Doha Bank, Qatar’s fifth largest lender by market value and part-owned by the country’s sovereign wealth fund, announced plans in October to increase its share capital by 50 percent in the first quarter of next year, raising about $1.6 billion.
Other Qatari banks have tapped debt markets this year. Qatar Islamic Bank, the country’s largest Islamic lender, returned to the global debt market after a two-year absence with a $750 million sukuk sale earlier this month. Qatar International Islamic Bank followed a week later, pricing its debut $700 million, five year sukuk. Doha Bank also raised $500 million from a bond sale in March.
“For the infrastructure projects, local banks want to be in the game, and they will be given priority by the government,” said Robert Pramberger, acting head of asset management at The First Investor in Doha.
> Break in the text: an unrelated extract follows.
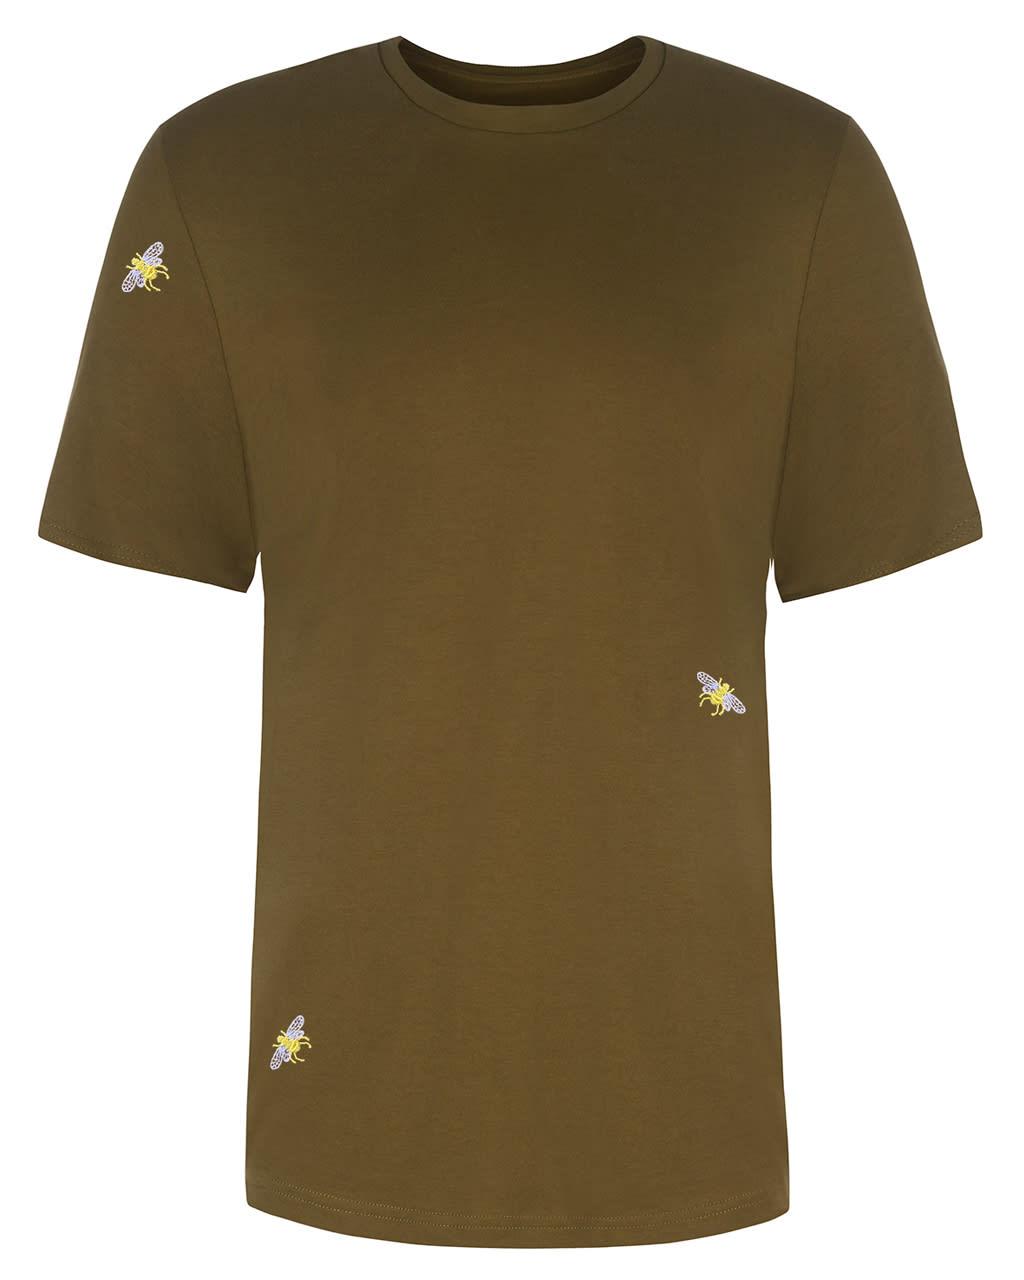 Bee Embroidered T-Shirt Khaki

“They need to get the money from somewhere, and they’ll want it to be an equal combination of debt and equity.” An analyst with a Qatari bank, who declined to be named because of the commercial sensitivity of the subject, said he believed the central bank would want to make sure that local lenders took a large slice of the infrastructure business, rather than leaving it to foreign banks.
“There will be a huge incentive for local lenders to raise capital to meet the demand. Banks here are hoping to make quite a lot of money. I’m sure the central bank and other authorities are encouraging local banks to bolster their balance sheets, so that they can take advantage of project bonds and other opportunities.”
The Qatari government has allocated 40 percent of its budget between now and 2016 to fund a string of mega-projects, including $5.5 billion for a deepwater seaport, $20 billion for roads and a $17.5 billion new airport.